Task instructions:
Return exactly, with nothing added, the lines from the one that contains "Fascia-mounted aluminum railing system" through the end of the listing below, pictures excluded.

Data:
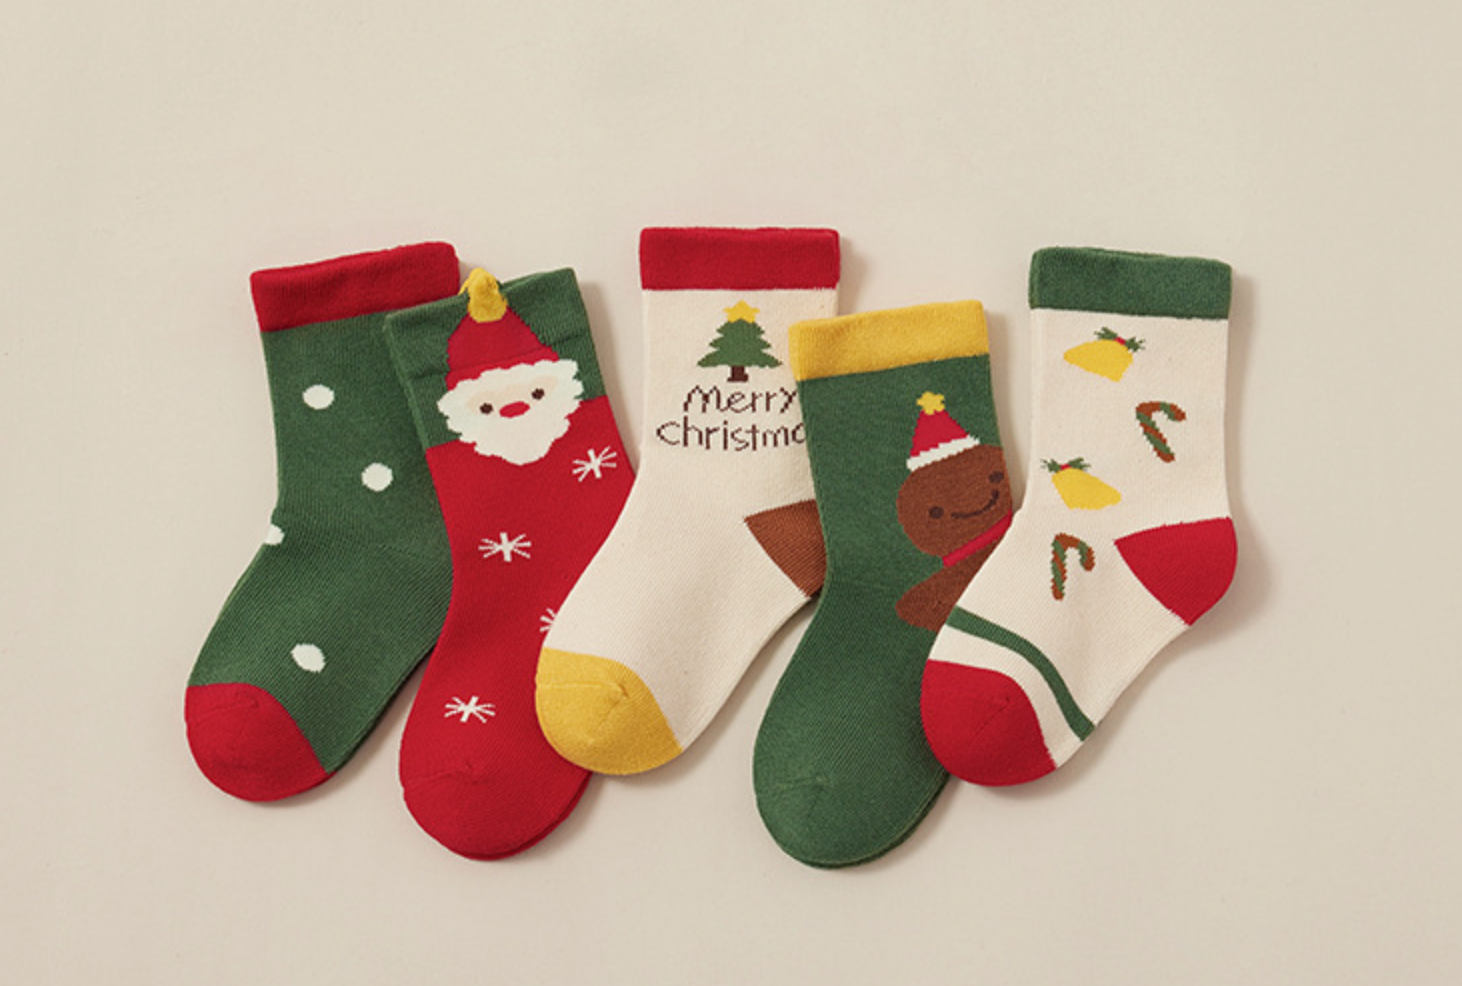 OEKO-TEX Certified Novelty Kids Christmas Socks 5 Pack (0-5 years)
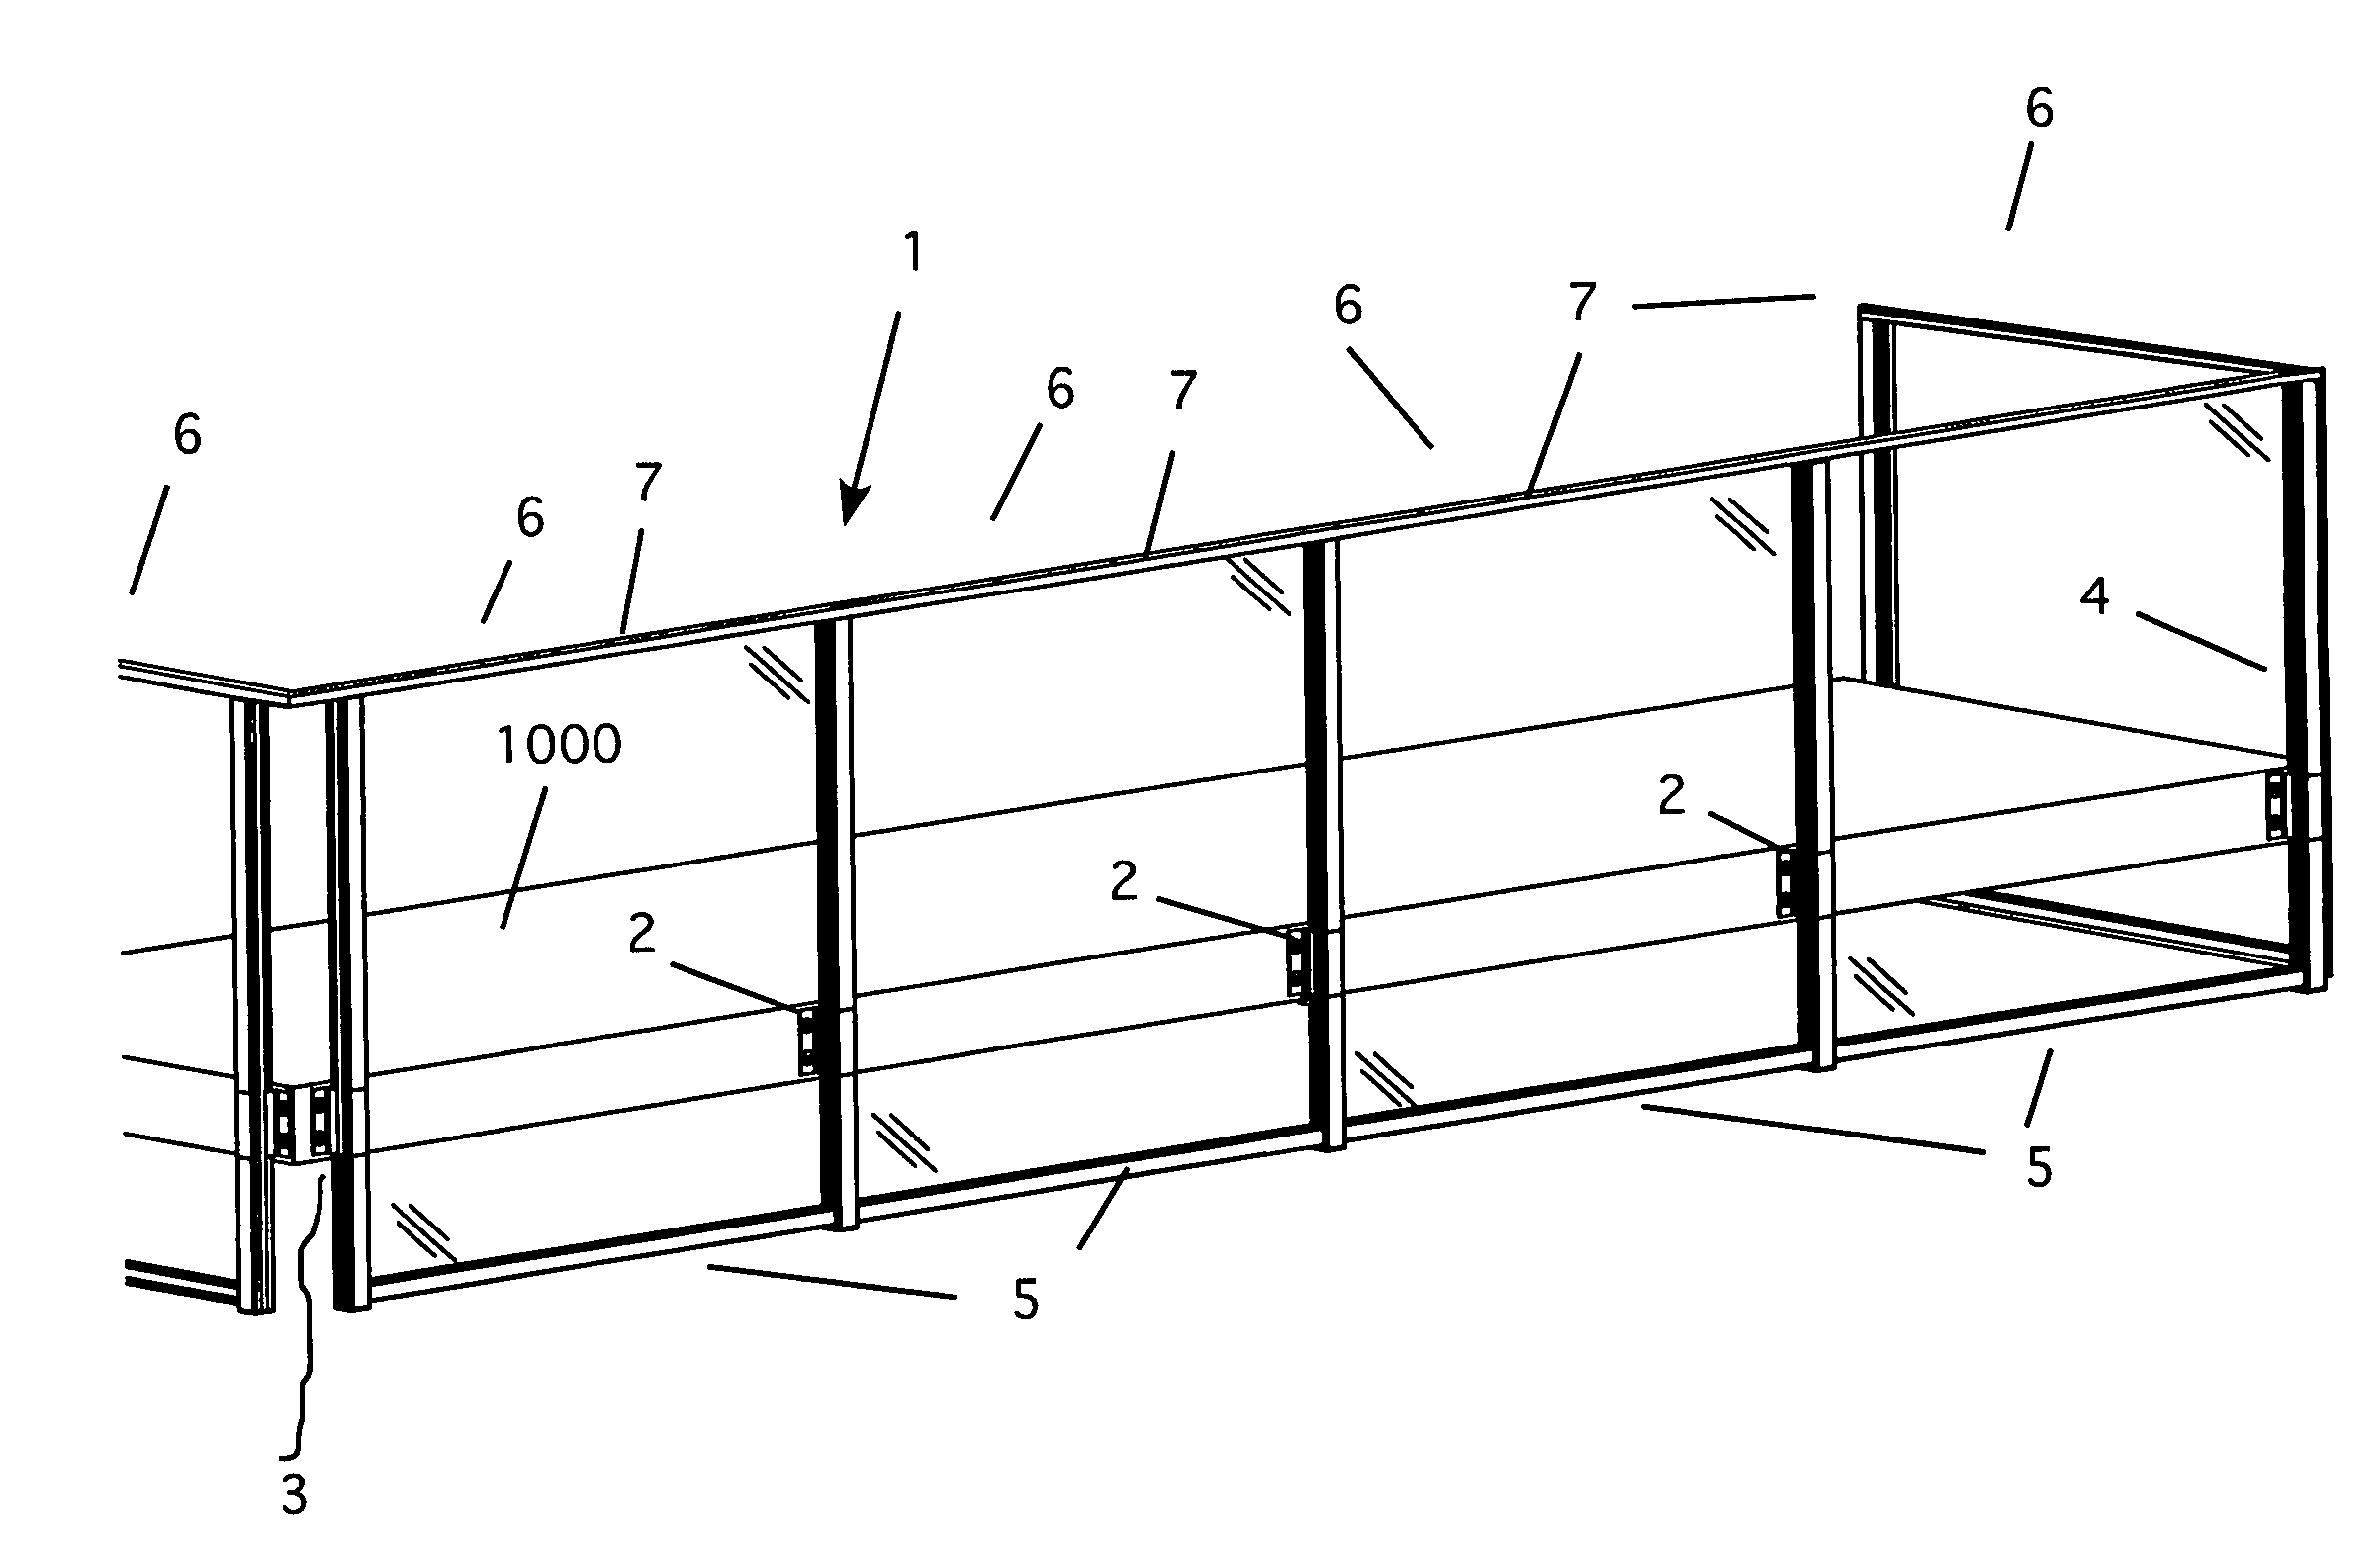 Fascia-mounted aluminum railing system
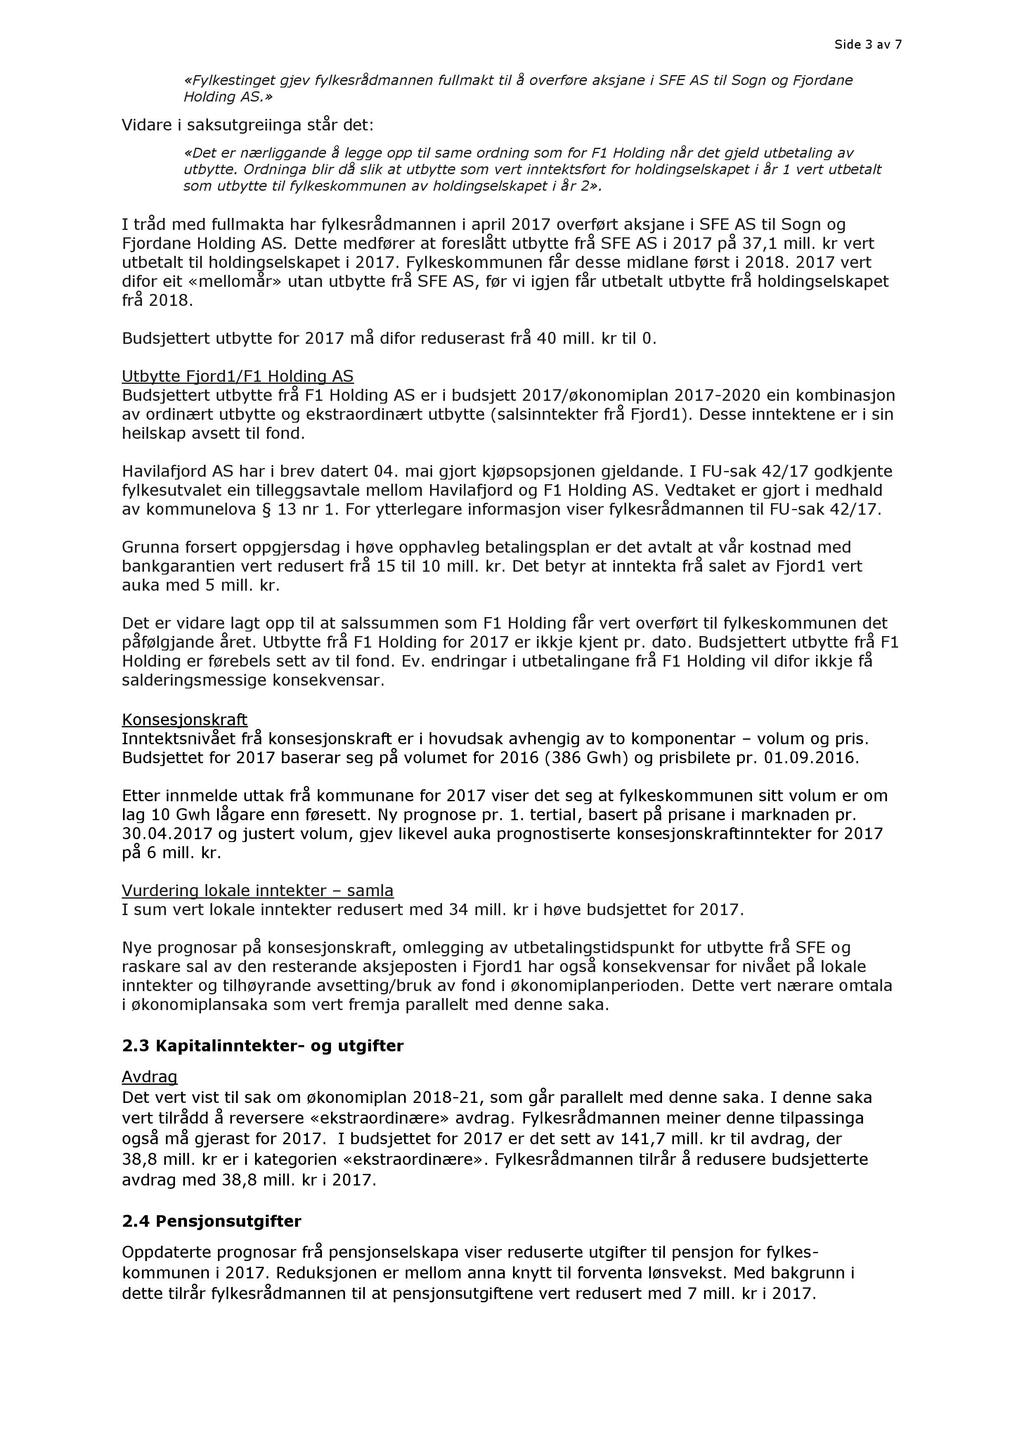 Side 3 av 7 «Fylkestinget gjev fylkesrådmannen fullmakt til å overføre aksjane i SFE AS til Sogn og Fjordane Holding AS.
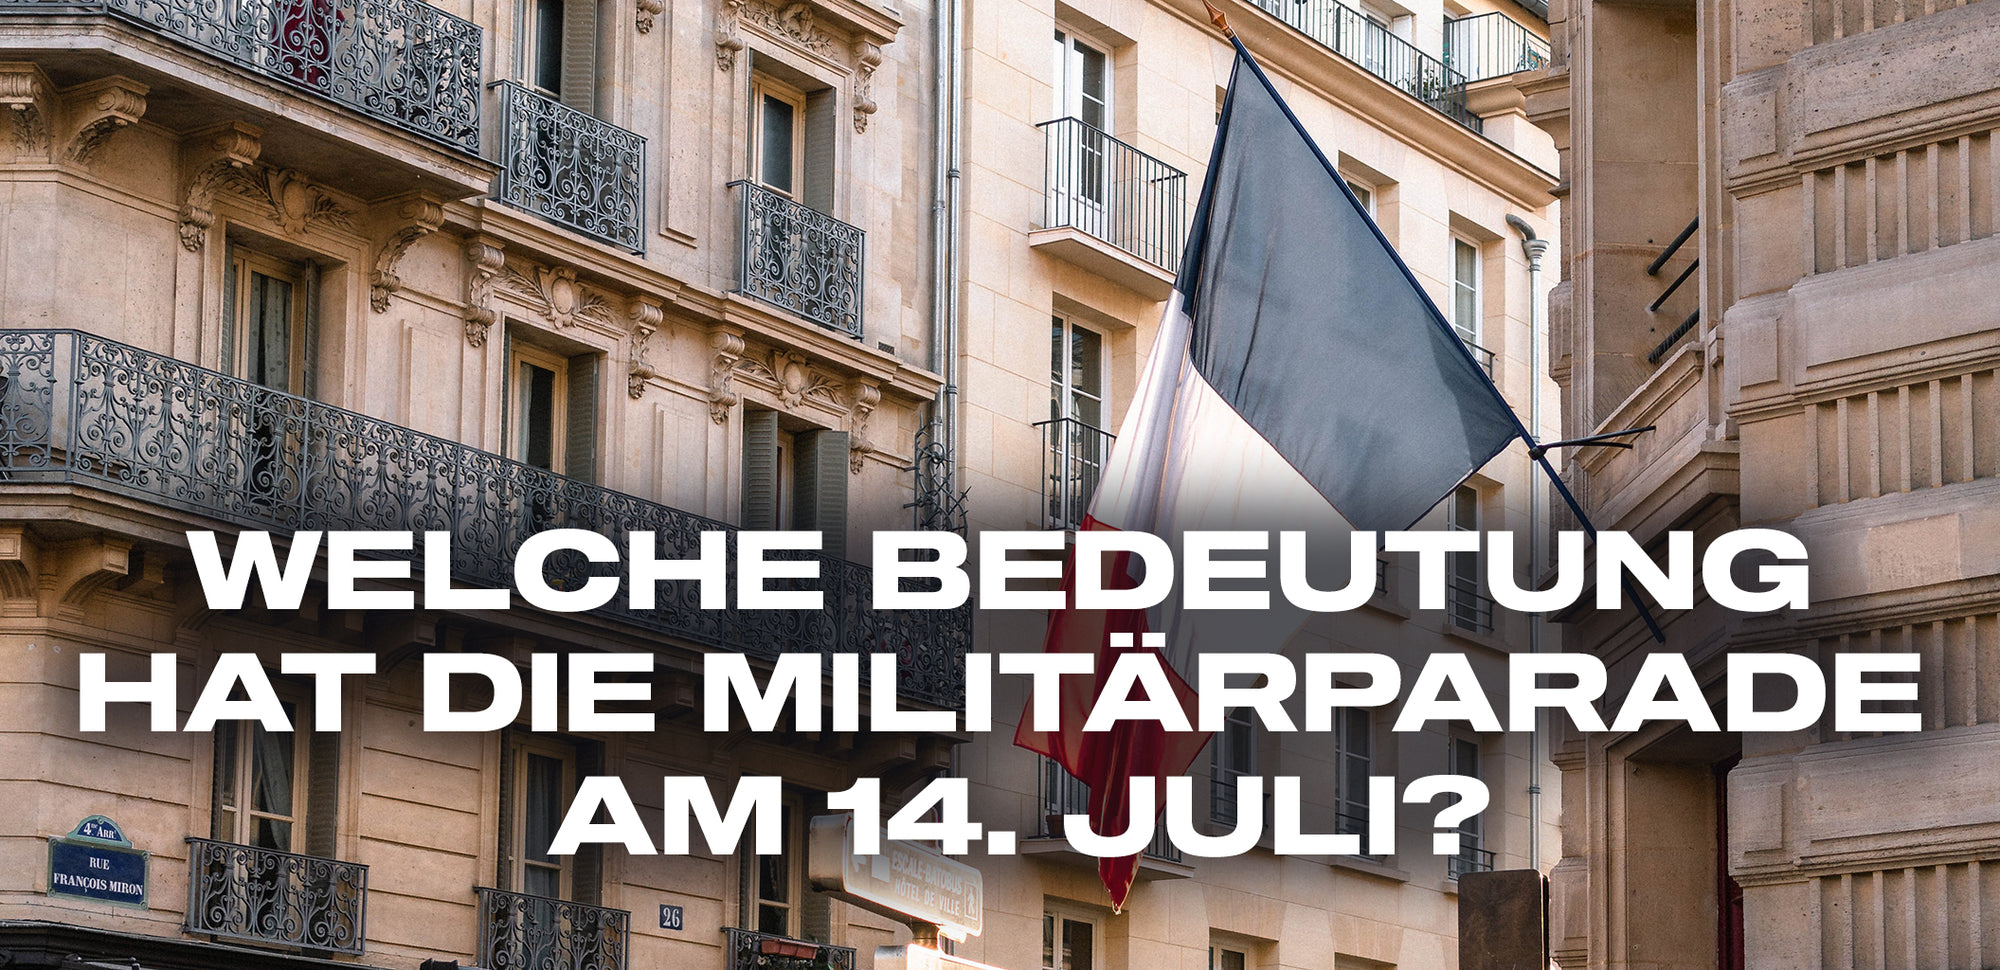 welche bedeutung hat die militarparade am 14. Juli

Your response:
 Fascia-mounted aluminum railing system
 Side 3 av 7 «Fylkestinget gjev fylkesrådmannen fullmakt til å overføre aksjane i SFE AS til Sogn og Fjordane Holding AS.
 welche bedeutung hat die militarparade am 14. Juli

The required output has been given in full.